My training in Cognitive Science wasn’t too advanced and was a few years ago, so if a neurologist would like to jump in and correct me on anything then go ahead, but…
Your brain adapts to what you do with it. Children are great at learning things because (as well as having a lot of free time) their brains are still all new and malleable. This is called ‘cognitive plasticity’. As you get older, you lose this. It becomes more difficult to, for example, learn new languages. It will be more difficult to hear distinctions between phonemes (that you don’t usually need to make a distinction between), and to produce them. Not impossible, just more difficult.
People’s brains use roughly the same areas for the same sorts of task processing. For example, motor coordination (moving your limbs), or language. You might have heard about this from the evidence provided by brain damage and its specific effects – for example, aphasias. However, in less dramatic cases, the brain still has the ability to adapt to needs. (see Time article that was the first thing that came up when I googled ‘brain rewiring itself’, but looks pretty enlightening)
So, in comparing practicing phoneticians to controls, it’s not too surprising that there are some differences. You might also expect some differences in the brain structure of Olympic discus-throwers when compared to controls in a motor coordination task.
Genetic pre-disposition can’t be ruled out, but this would need to be studied by, for example, comparing babies brains first, then looking at their capacities later in life, though it has been shown that babies are already listening to language in the womb, so either you take babies from exactly the same surrounding, or, if you want to look at ‘genetics’, you look at the DNA.
In any case, this lends weight to your intuitions about environment (having parents with different accents, you would have been exposed to a greater range of phonemes). I’m not sure about your aunt. Do you mean that because you’re genetically related you produced similar-looking guides?
I’d like to apologise. I can’t believe I wrote and posted a whole comment without looking at the actual article you’d linked to.
pretty much everything I said was already addressed in the article, so…
I hope it was of some interest, anyway.
I’ll join you in agreeing that that’s an interesting study.
No problem, Danielle. I’ve had quite a few moments myself of not noticing a link until after I’ve read an article!

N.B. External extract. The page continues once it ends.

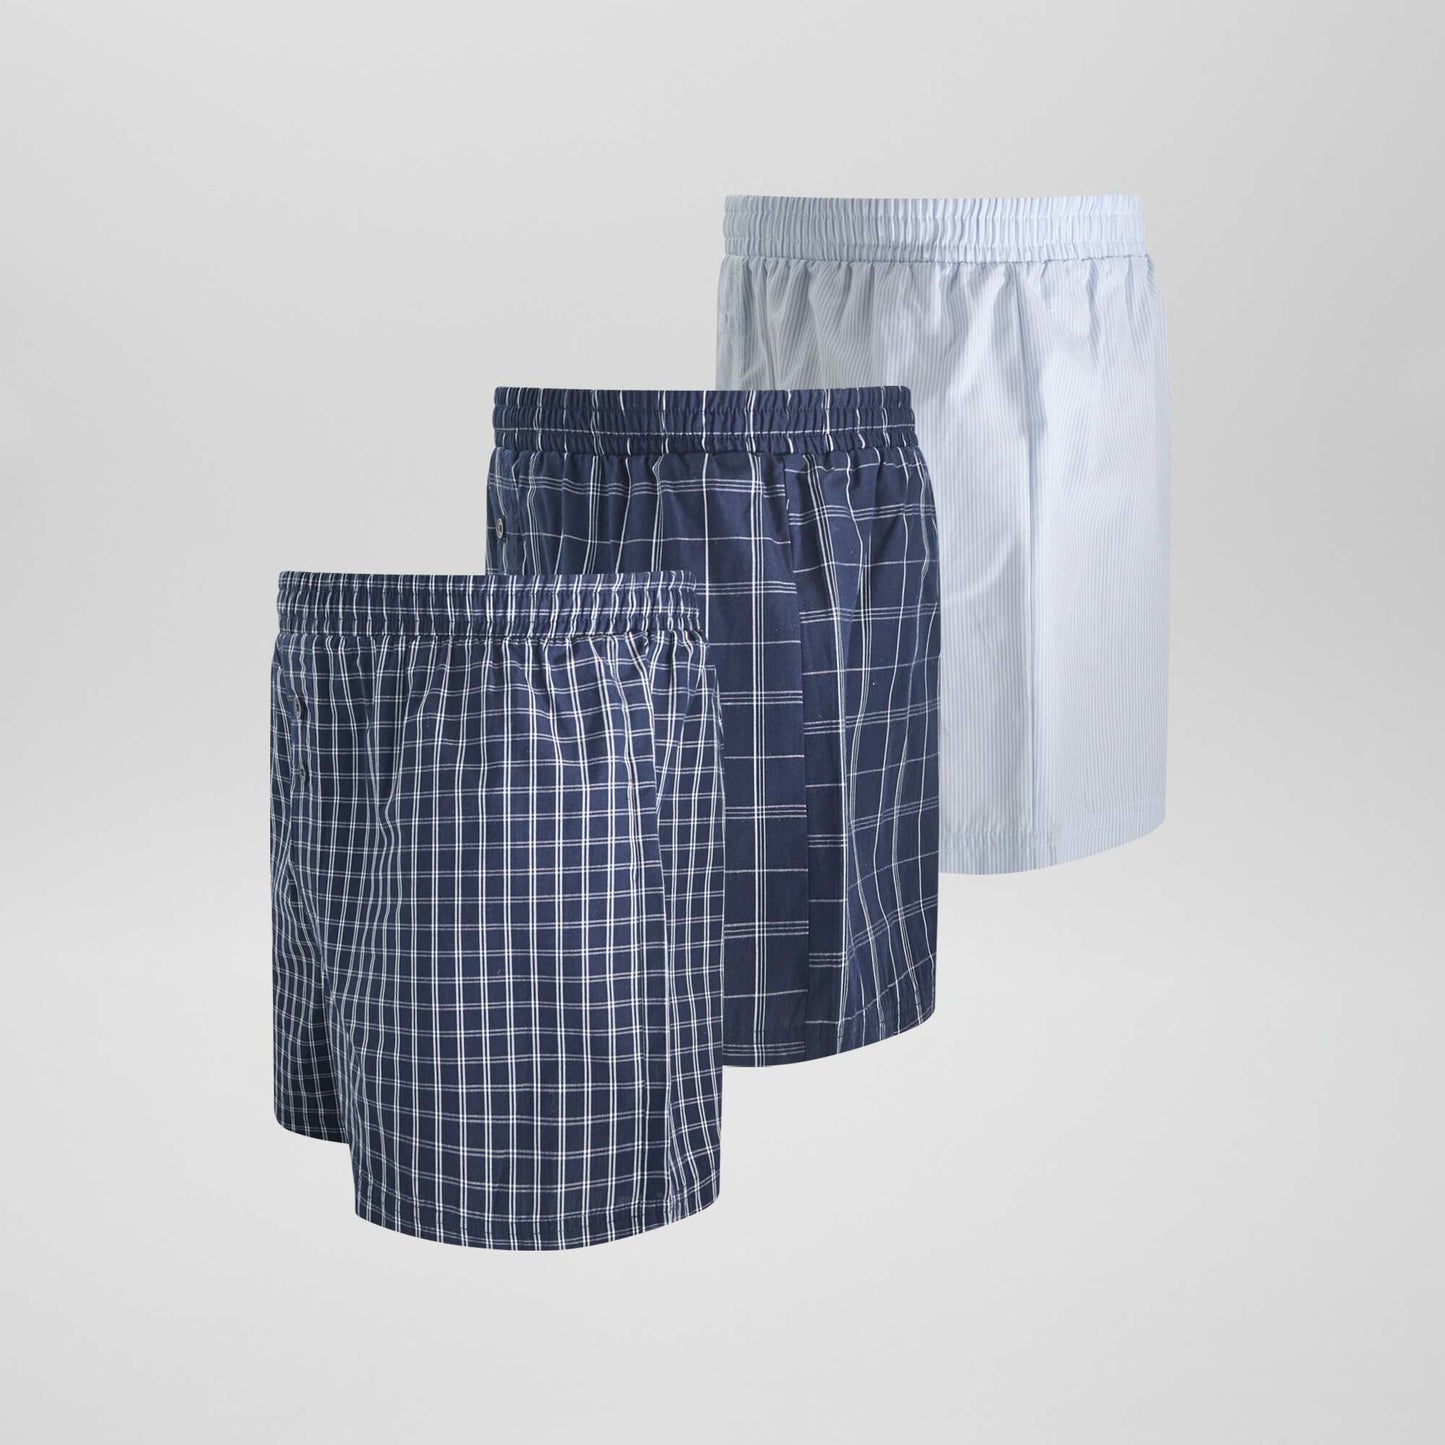 3 pairs of boxer shorts BLUE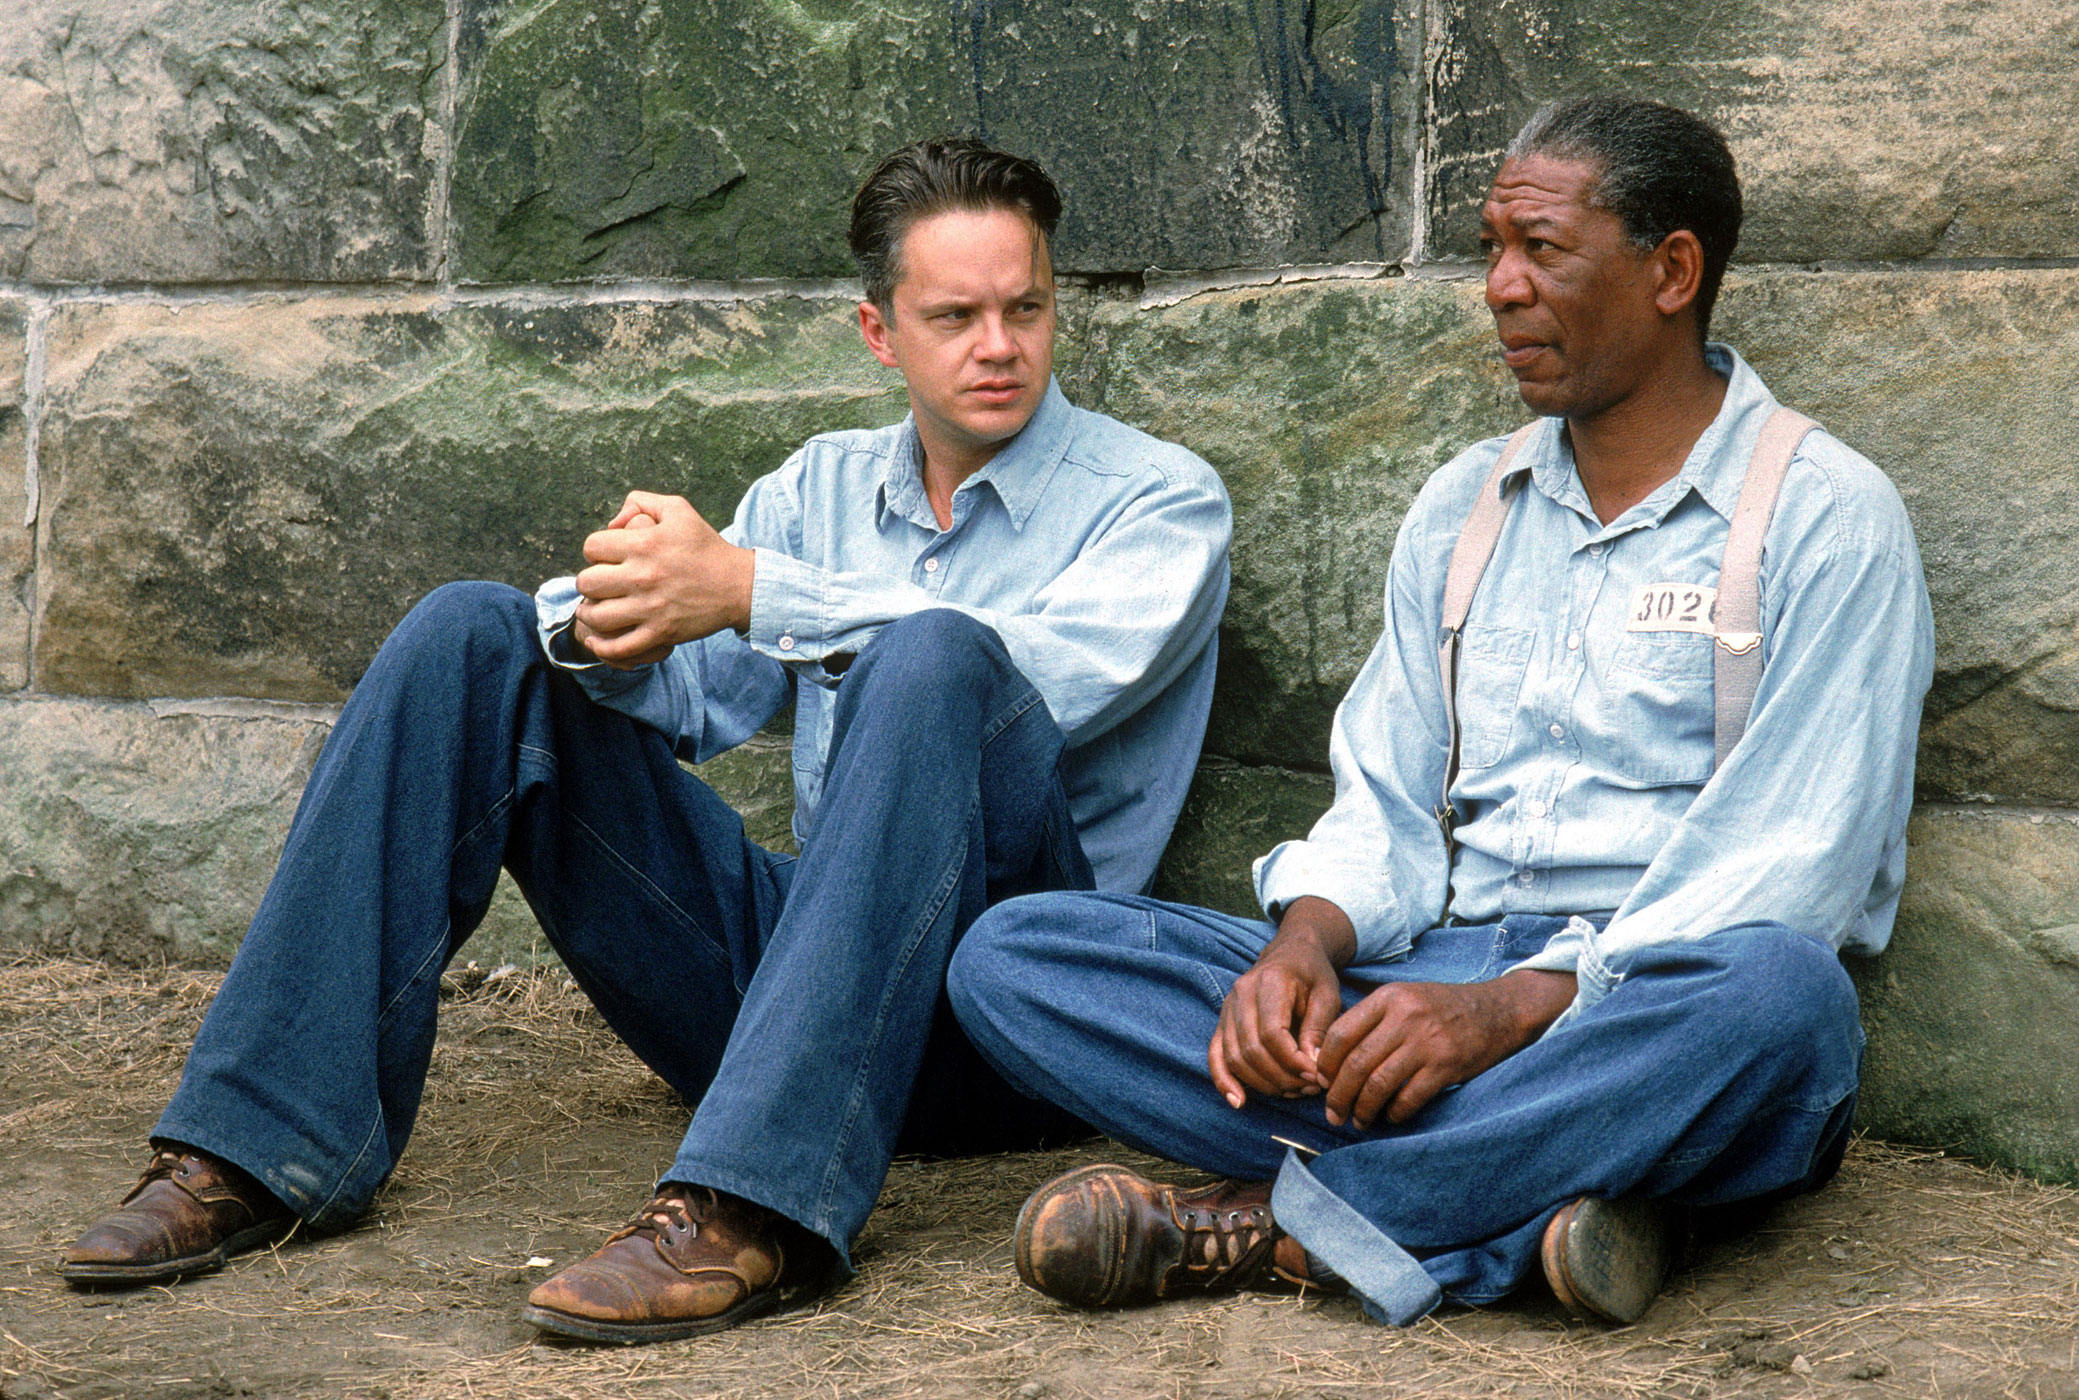 The film is based on a Stephen King short story called  Rita Hayworth and Shawshank Redemption,  which was published in the book Different Seasons. Other stories in that collection included the stories later made into the films Stand By Me and Apt Pupil.

It is an interesting study, although I am still a teensy bit skeptical about the genetic component, because I’m skeptical of attempts to show that any ability is genetic. It’s a line of inquiry that has a pretty bad history, to say the least.
For whatever reason I have always had a thing for accents, I was originally from England moved to Canada at age 2 got the Canadian accent, moved back to England at 4, got the English accent (Midlands). Moved back to Canada at age 13, got the accent again. I can immitate accents I also can notice things in accents that most don’t.